* Dataset section
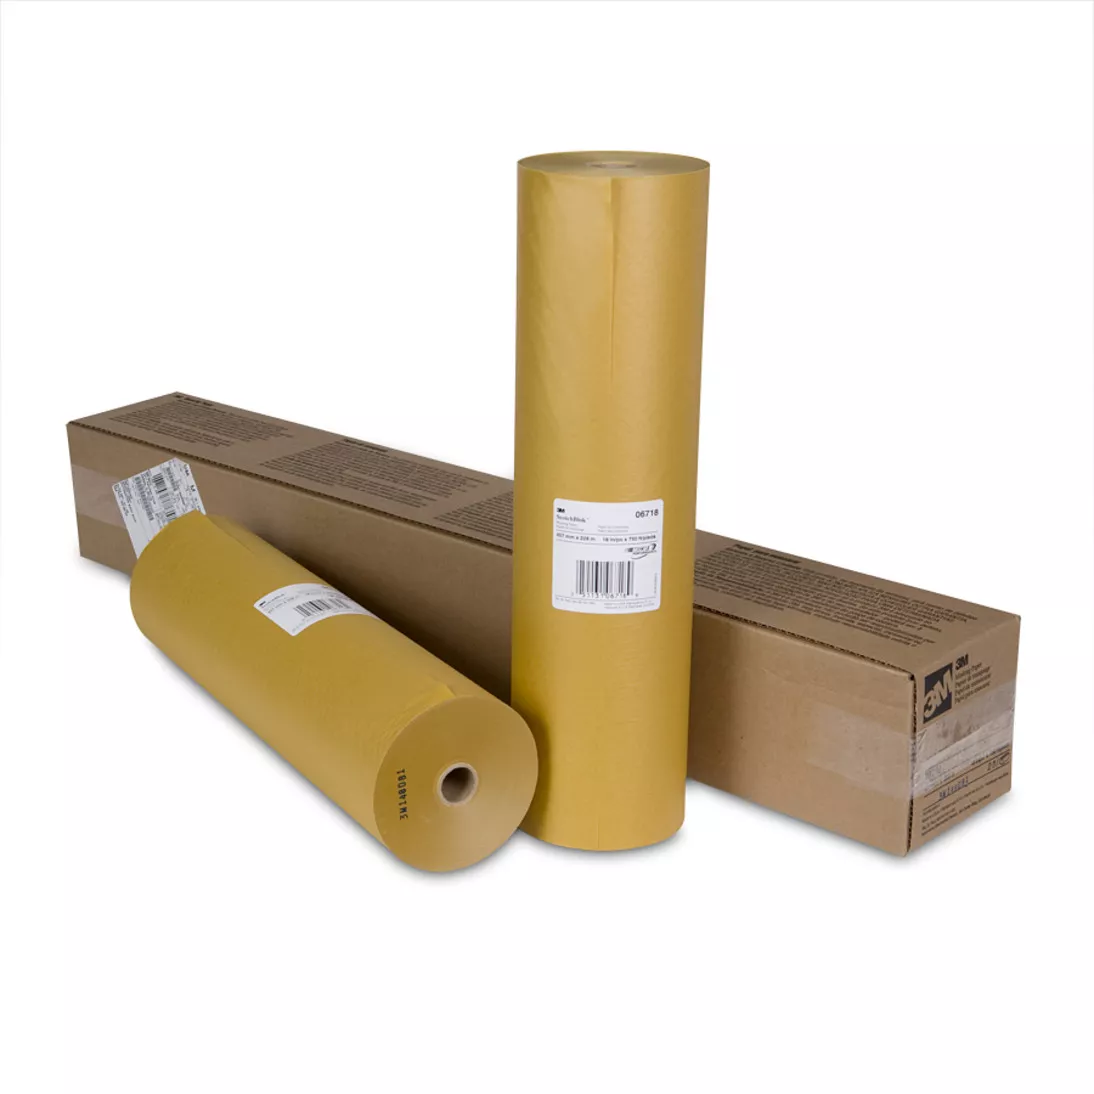 3M™ Scotchblok™ Masking Paper, 06718, 18 in x 750 ft, 2 per case
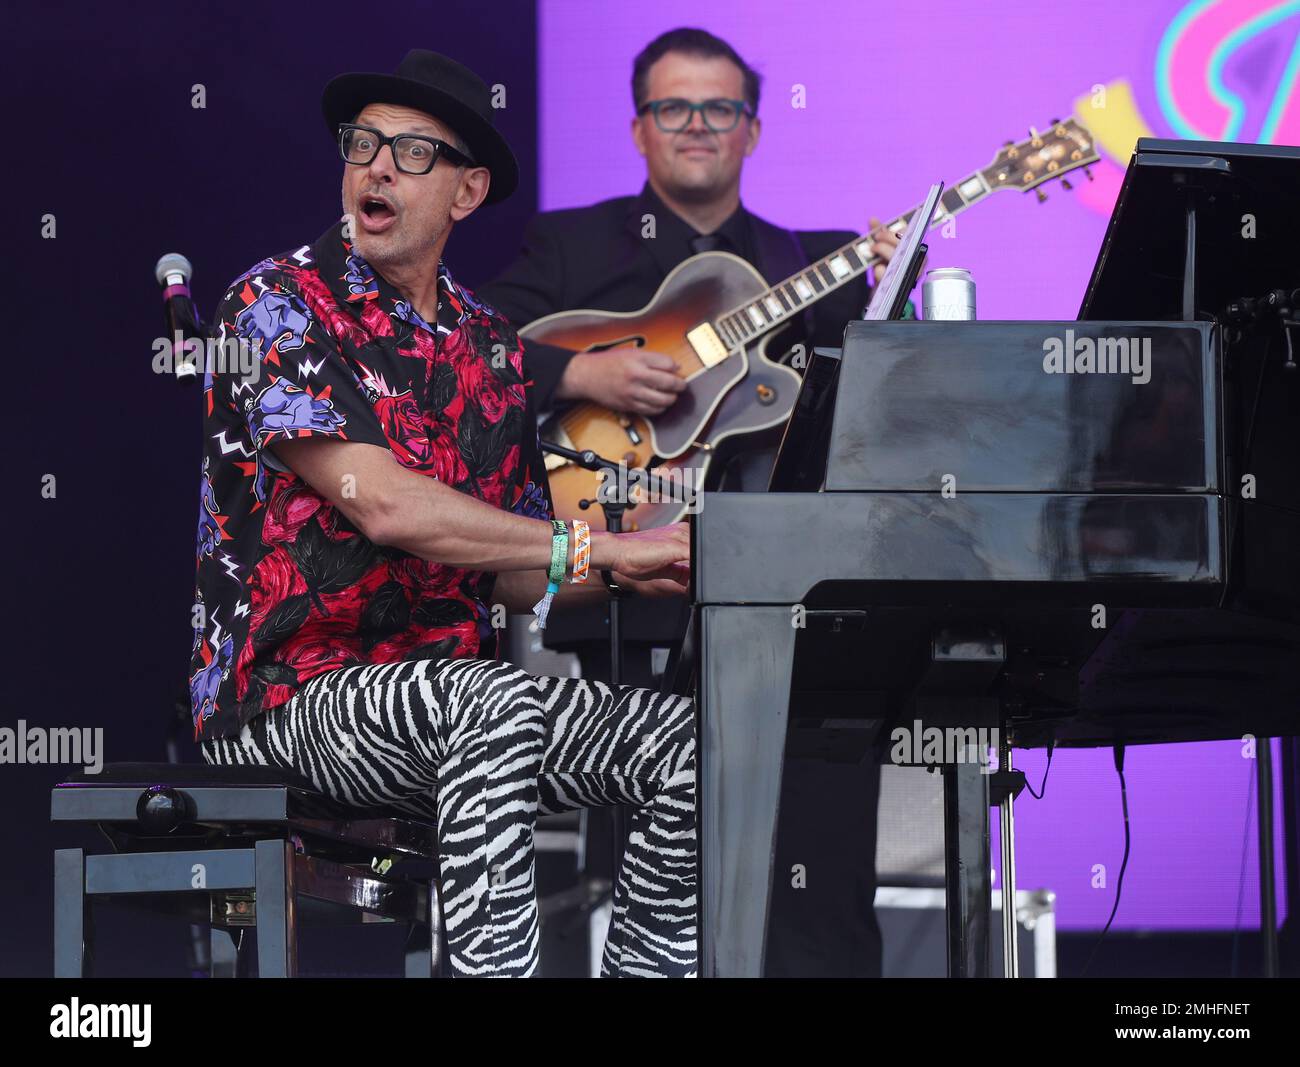 Filmfoto vom 30. Oktober 06/19 von Jeff Goldblum (links) und dem Mildred Snitzer Orchestra, die beim Glastonbury Festival auftreten, während der Hollywood-Star mit einer Reihe von Sängern zusammengearbeitet hat, darunter Kelly Clarkson für seine neueste Musical-Veröffentlichung. Stockfoto
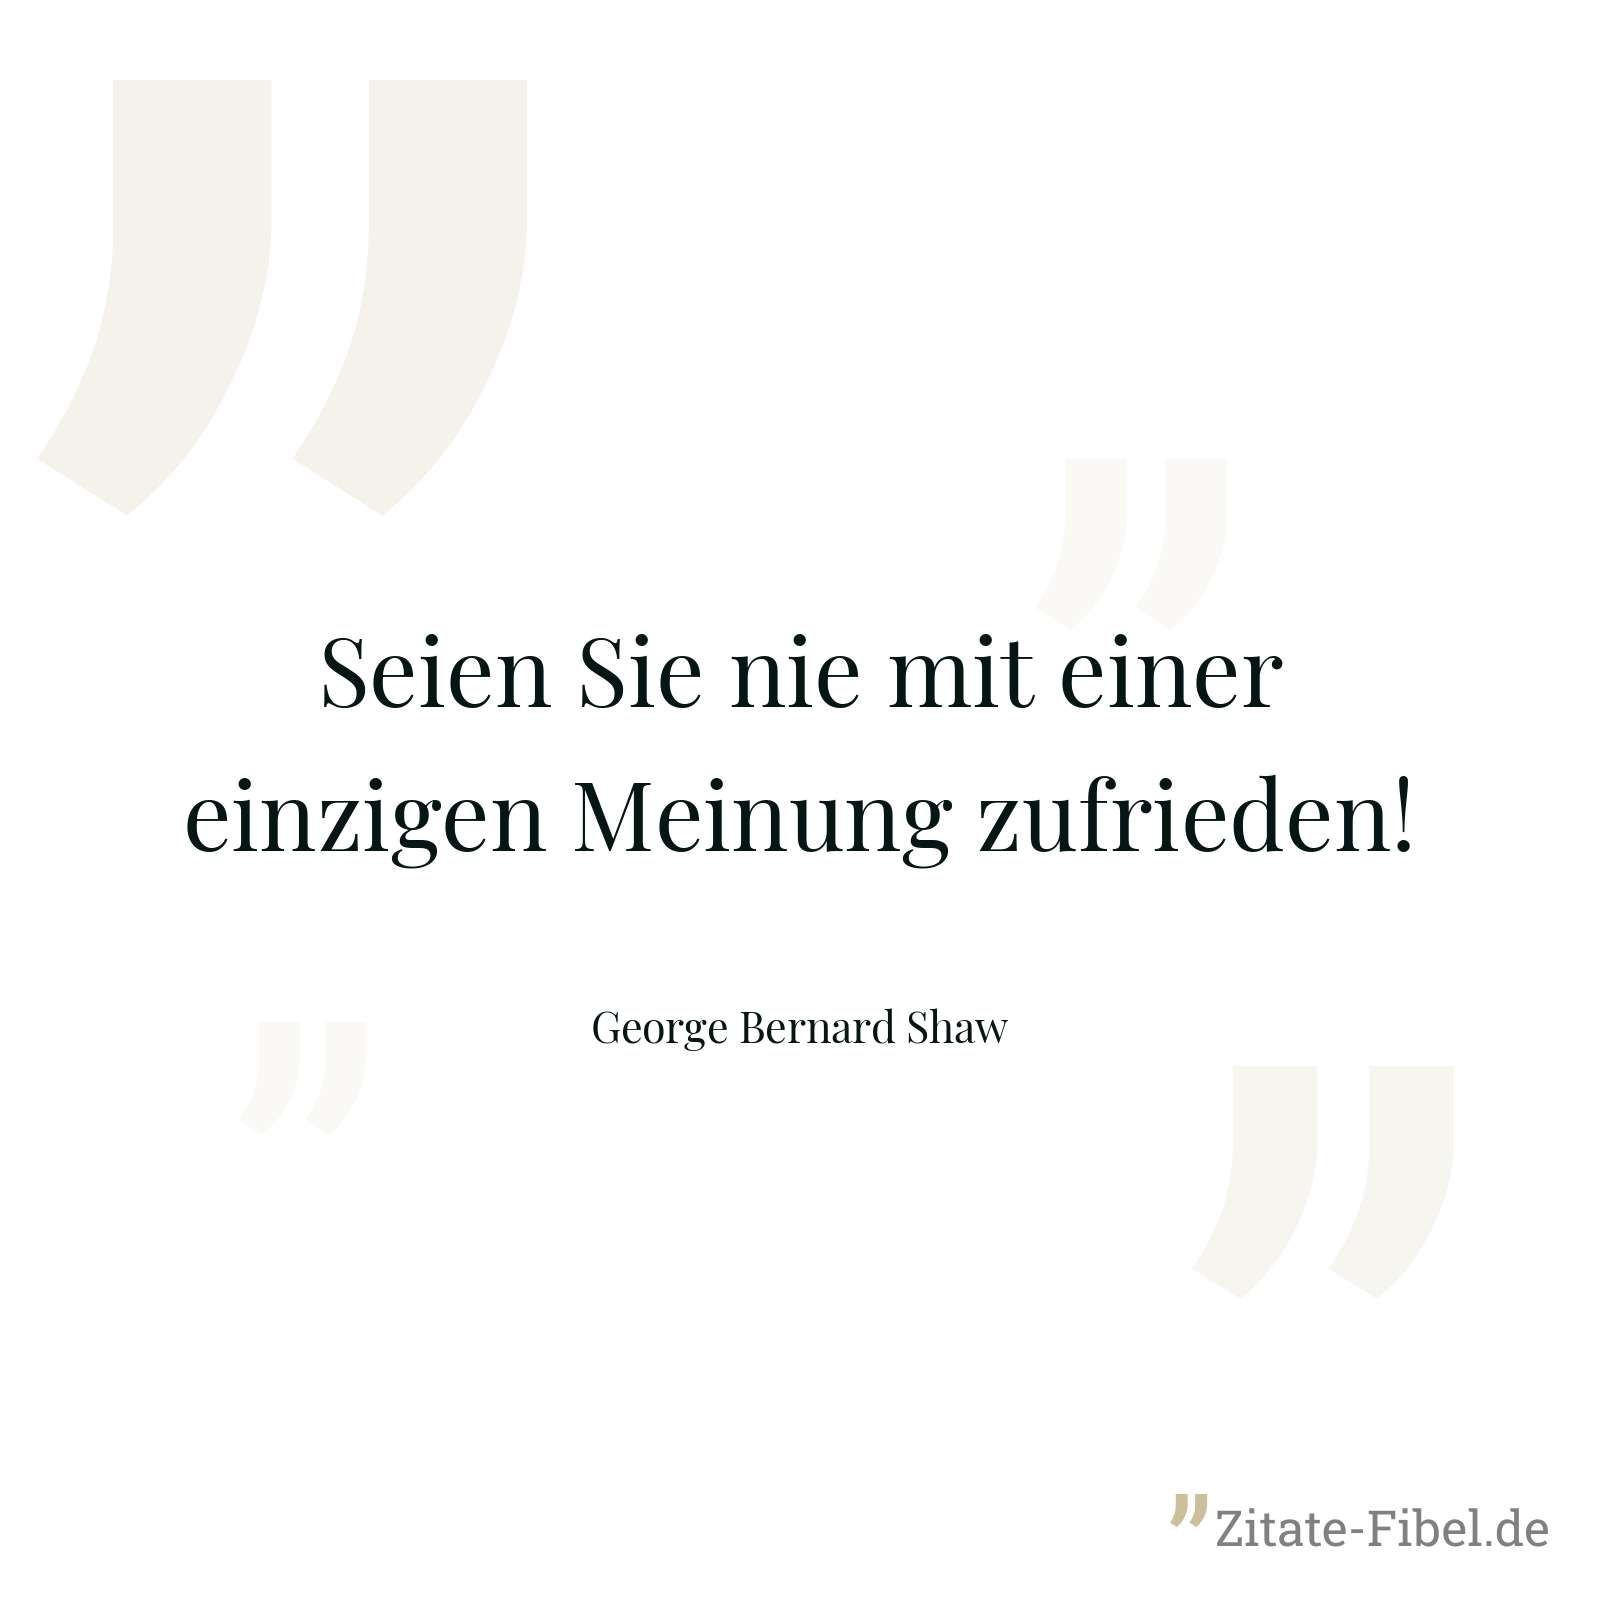 Seien Sie nie mit einer einzigen Meinung zufrieden! - George Bernard Shaw

* What to do
One exact copy of the data is required, and it should hold no pictures.

* Response for this exercise
 3M™ Scotchblok™ Masking Paper, 06718, 18 in x 750 ft, 2 per case
 Filmfoto vom 30. Oktober 06/19 von Jeff Goldblum (links) und dem Mildred Snitzer Orchestra, die beim Glastonbury Festival auftreten, während der Hollywood-Star mit einer Reihe von Sängern zusammengearbeitet hat, darunter Kelly Clarkson für seine neueste Musical-Veröffentlichung. Stockfoto
 Seien Sie nie mit einer einzigen Meinung zufrieden! - George Bernard Shaw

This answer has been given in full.